-- Dataset section follows --

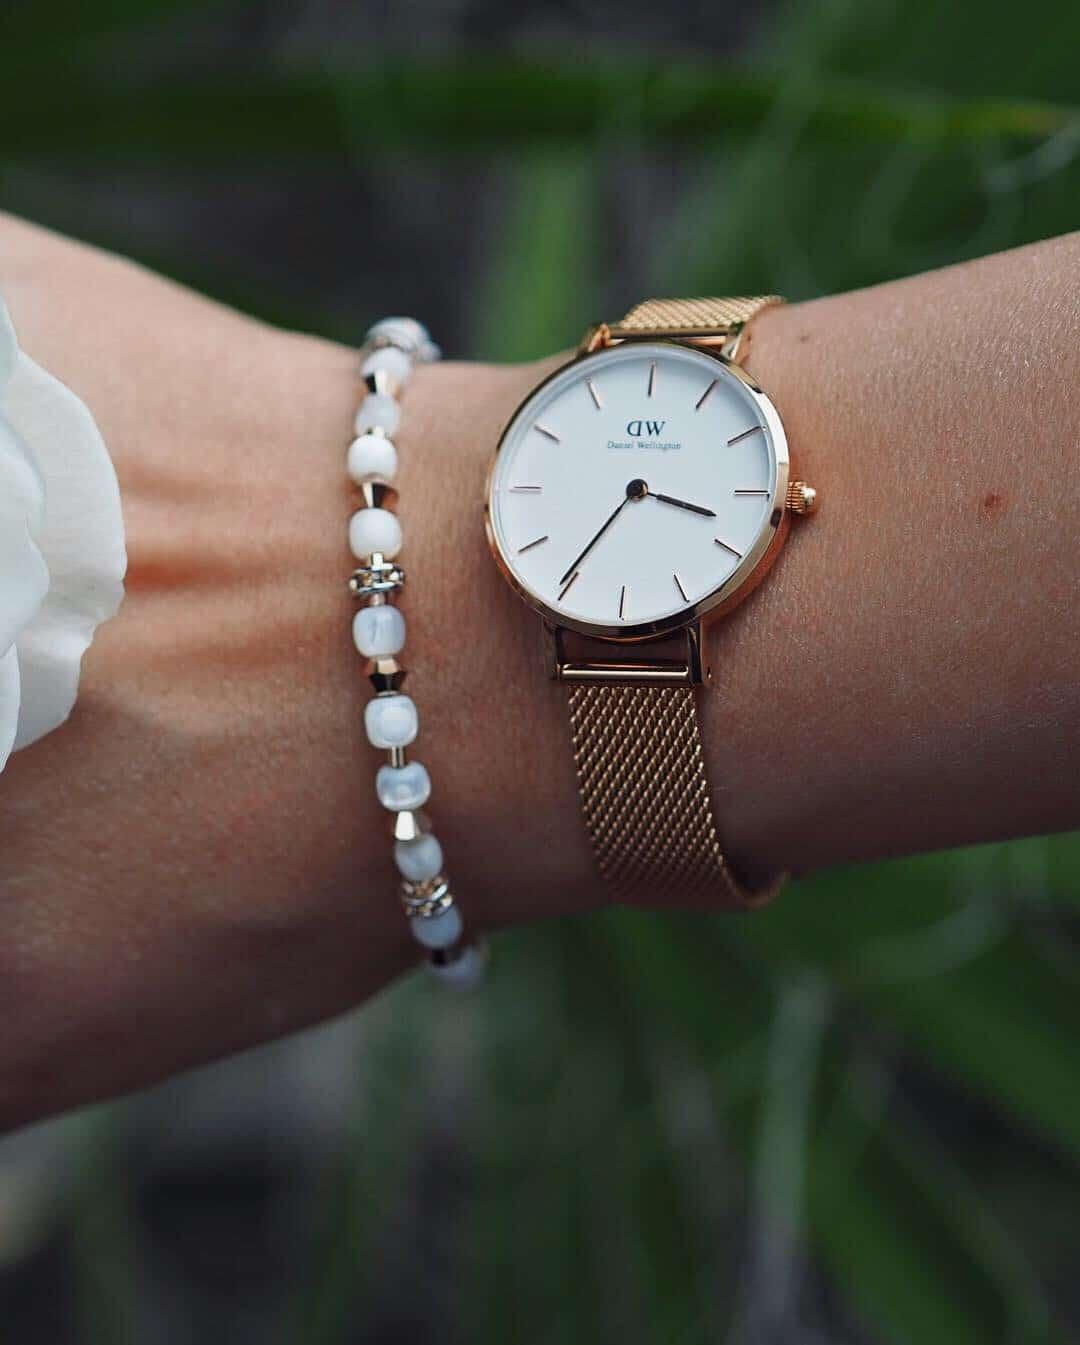 Ich trage besonders gerne im Alltag schöne Uhren von Daniel Wellington. Gefunden habe ich eine große Auswahl an Uhren und Schmuck bei Valmano im Onlineshop.
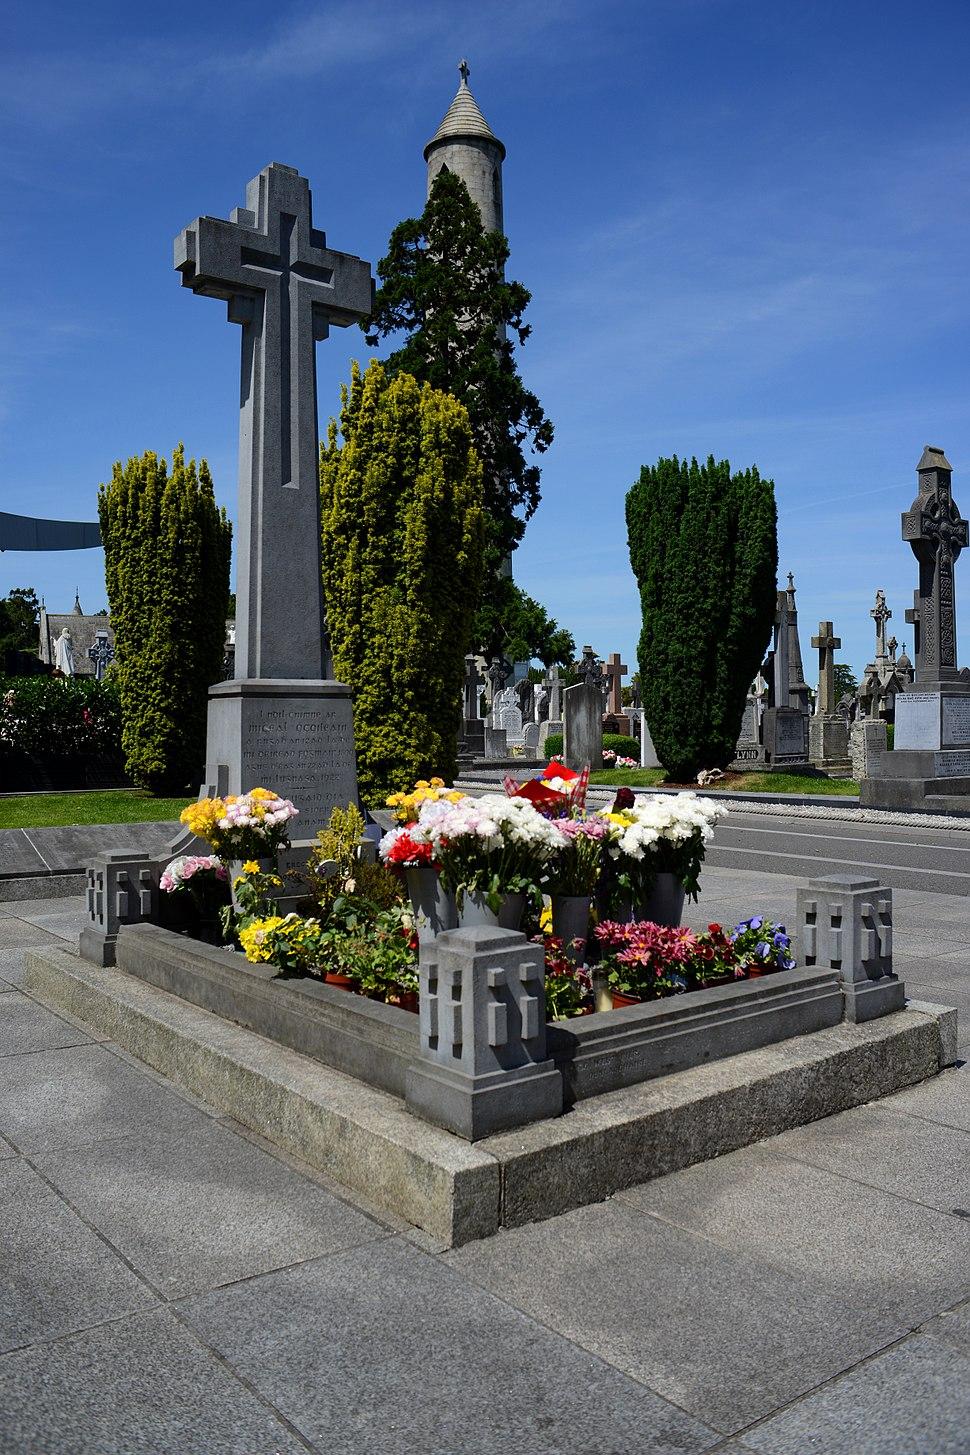 2017-06-20 4904x7356 dublin glasnevin cemetery michael collins grave
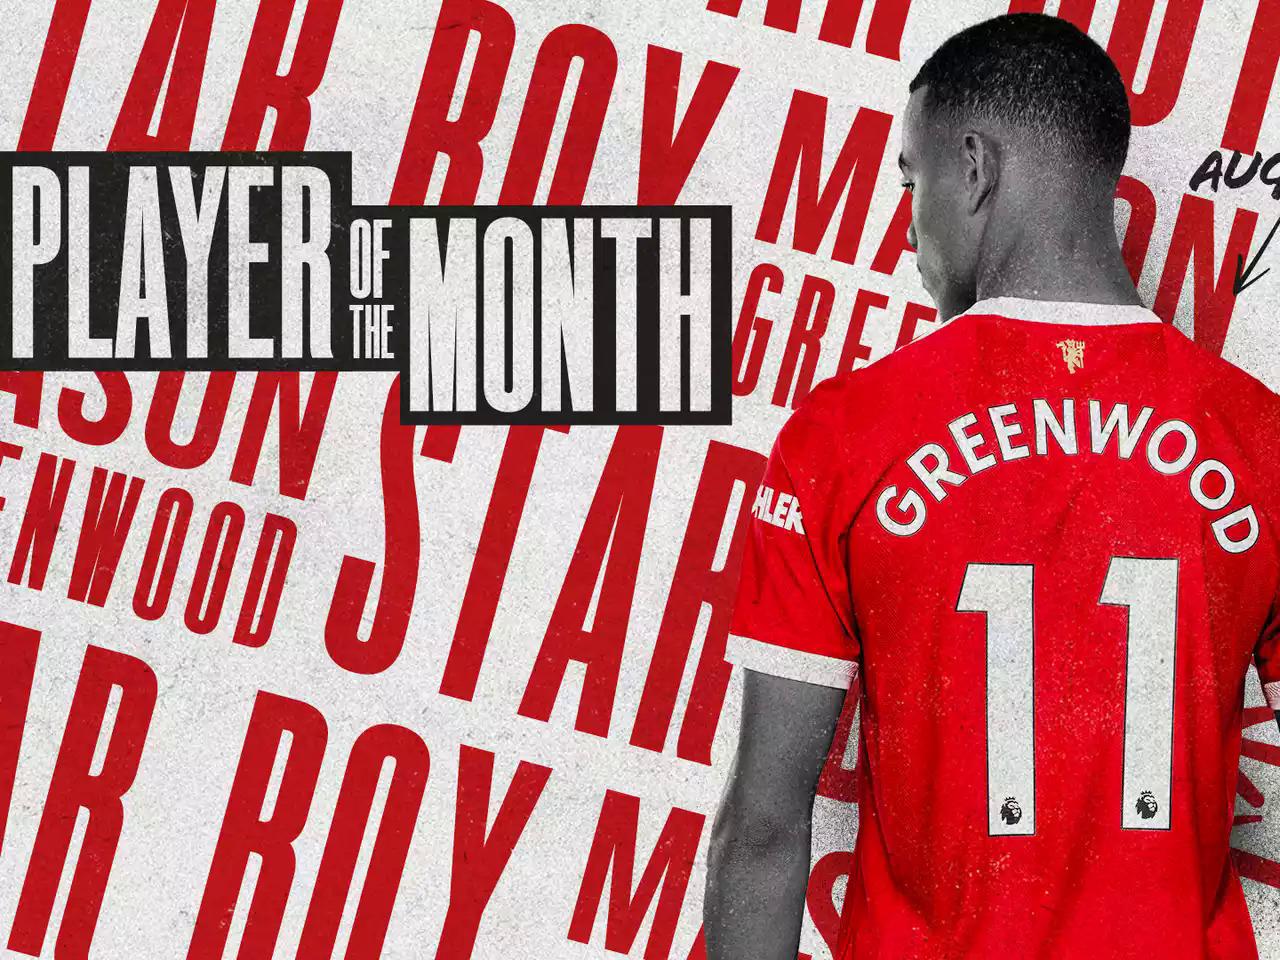 """Greenwood ได้รับการโหวตให้เป็นผู้เล่นของ Man Utd ประจำเดือน สิงหาคม  ภาพถ่าย: """"manutd.com"""""""
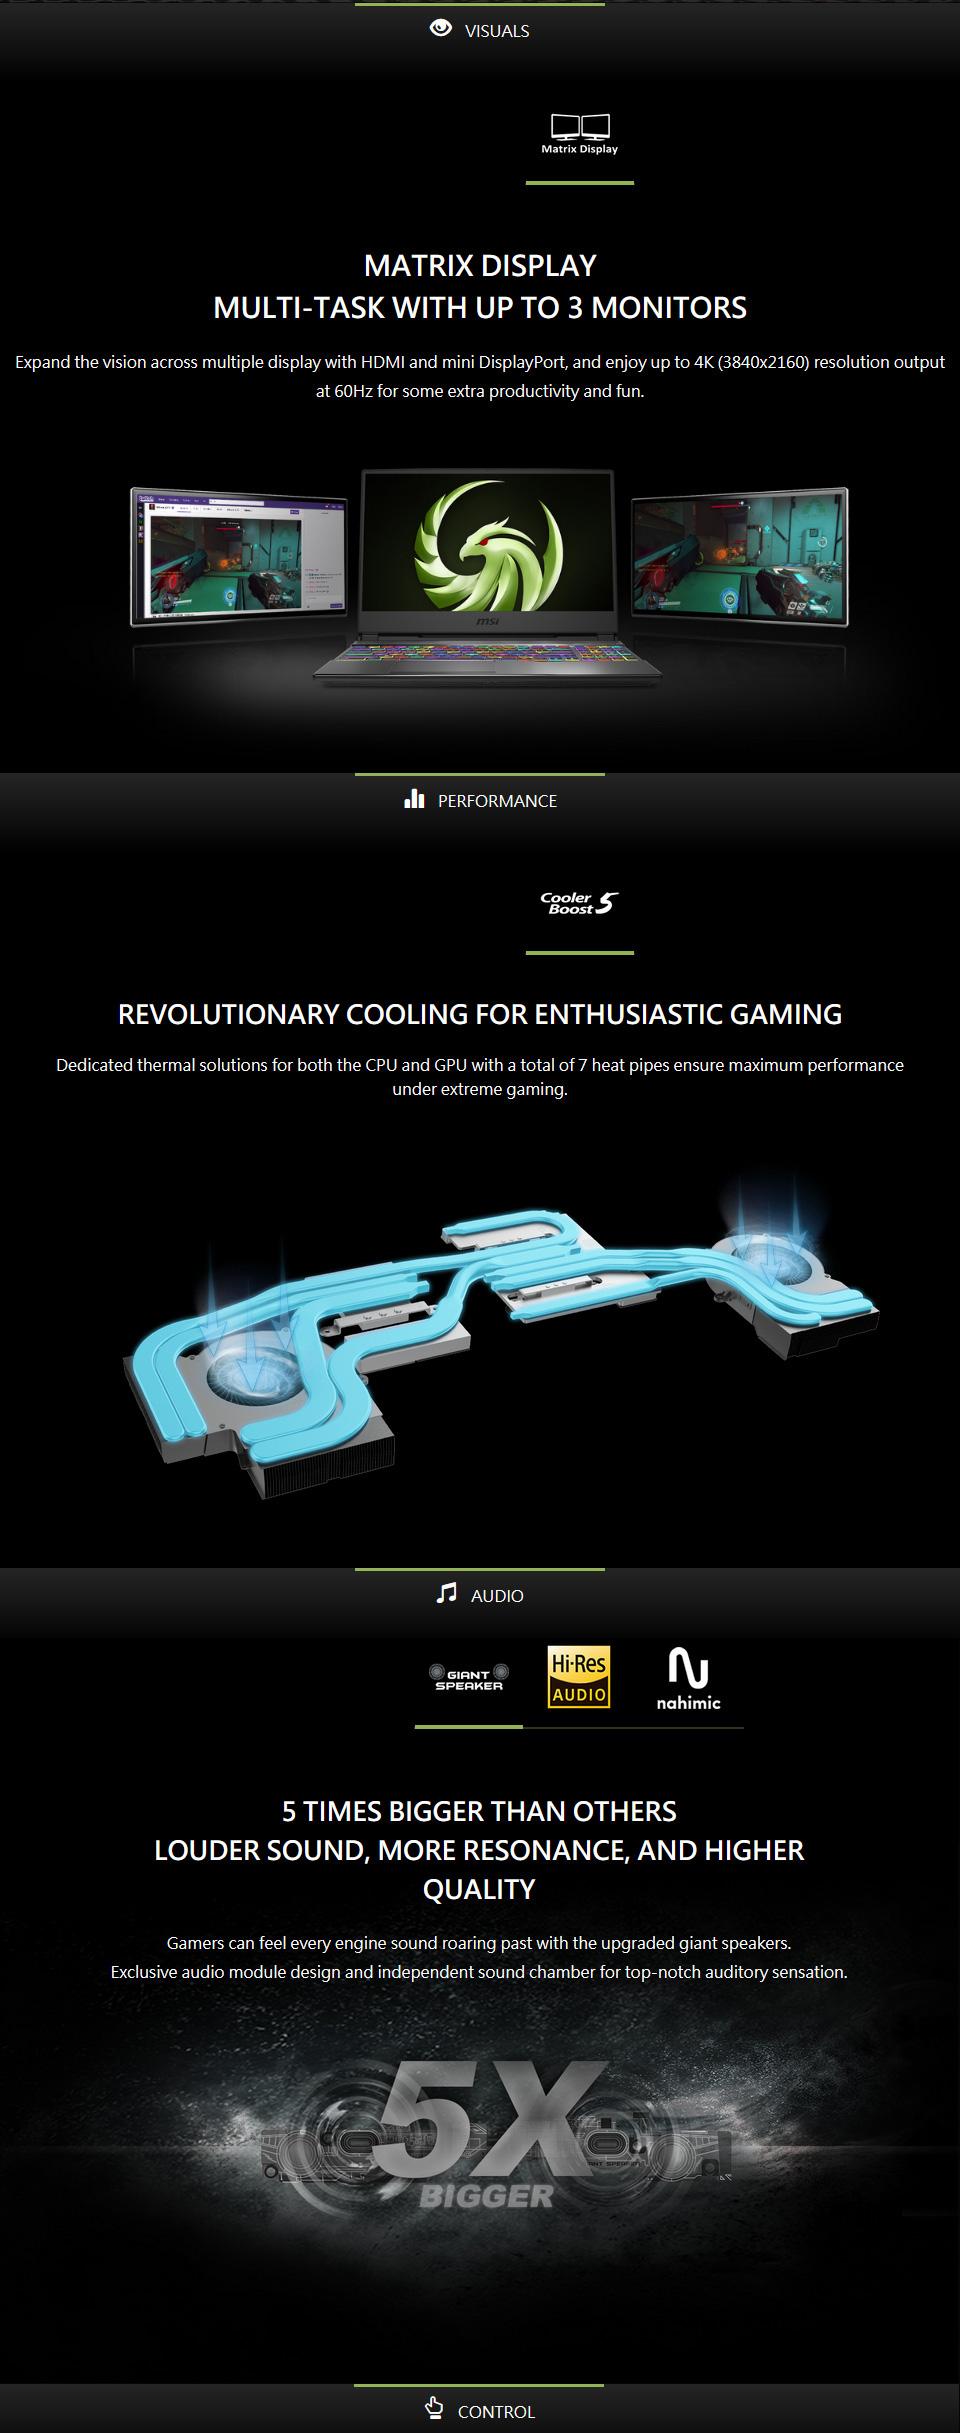 MSI Alpha AMD Ryzen 7 Radeon RX 5500M 15.6in 120Hz Laptop features 2

-- Dataset section concluded --

## Work request
Only what runs from the line with "2017-06-20 4904x7356 dublin" through the last line of the listing above belongs in the answer, set down exactly and free of pictures.

## Task solution
 2017-06-20 4904x7356 dublin glasnevin cemetery michael collins grave
 """Greenwood ได้รับการโหวตให้เป็นผู้เล่นของ Man Utd ประจำเดือน สิงหาคม  ภาพถ่าย: """"manutd.com"""""""
 MSI Alpha AMD Ryzen 7 Radeon RX 5500M 15.6in 120Hz Laptop features 2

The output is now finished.